At first I thought I was being impatient, so I decided to leave it run overnight and through the morning. The function still never returned. I understand that scanning all of AWS is a potentially non-trivial task, but more than 16 hours? Something must be up.
Investigation
The first thing I noticed trying to work out what was going on here was (when it worked) the dump from the keyboard interrupt when running in the console:
Traceback (most recent call last):
File "<stdin>", line 1, in <module>
File "/home/ares/.local/lib/python3.8/site-packages/skew/arn/__init__.py", line 323, in __iter__
for scheme in self.scheme.enumerate(context, **self.kwargs):
File "/home/ares/.local/lib/python3.8/site-packages/skew/arn/__init__.py", line 247, in enumerate
for provider in self._arn.provider.enumerate(
File "/home/ares/.local/lib/python3.8/site-packages/skew/arn/__init__.py", line 232, in enumerate
for service in self._arn.service.enumerate(
File "/home/ares/.local/lib/python3.8/site-packages/skew/arn/__init__.py", line 217, in enumerate
for region in self._arn.region.enumerate(
File "/home/ares/.local/lib/python3.8/site-packages/skew/arn/__init__.py", line 198, in enumerate
for account in self._arn.account.enumerate(
File "/home/ares/.local/lib/python3.8/site-packages/skew/arn/__init__.py", line 145, in enumerate
for resource in self._arn.resource.enumerate(
File "/home/ares/.local/lib/python3.8/site-packages/skew/arn/__init__.py", line 127, in enumerate
resources.extend(resource_cls.enumerate(
File "/home/ares/.local/lib/python3.8/site-packages/skew/resources/aws/s3.py", line 27, in enumerate
resources = super(Bucket, cls).enumerate(arn, region, account,
File "/home/ares/.local/lib/python3.8/site-packages/skew/resources/resource.py", line 54, in enumerate
data = client.call(enum_op, query=path, **kwargs)
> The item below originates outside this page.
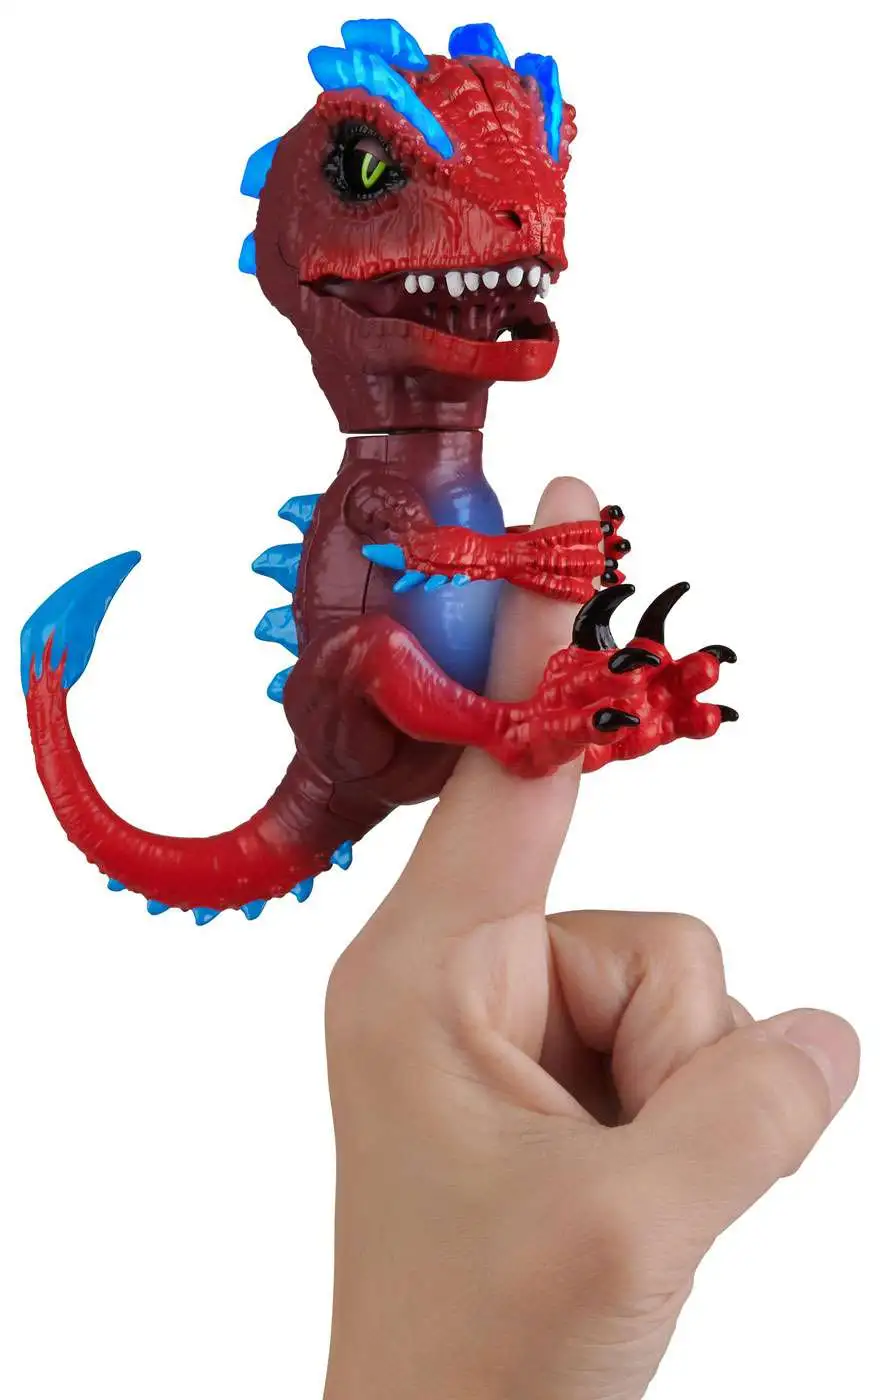 2 WowWee Untamed Radioactive Gamma Rampage Raptor Dinosaur Fingerlings for sale online

File "/home/ares/.local/lib/python3.8/site-packages/skew/awsclient.py", line 127, in call
data = op(**kwargs)
File "/home/ares/.local/lib/python3.8/site-packages/botocore/client.py", line 386, in _api_call
return self._make_api_call(operation_name, kwargs)
File "/home/ares/.local/lib/python3.8/site-packages/botocore/client.py", line 691, in _make_api_call
http, parsed_response = self._make_request(
File "/home/ares/.local/lib/python3.8/site-packages/botocore/client.py", line 711, in _make_request
return self._endpoint.make_request(operation_model, request_dict)
File "/home/ares/.local/lib/python3.8/site-packages/botocore/endpoint.py", line 102, in make_request
return self._send_request(request_dict, operation_model)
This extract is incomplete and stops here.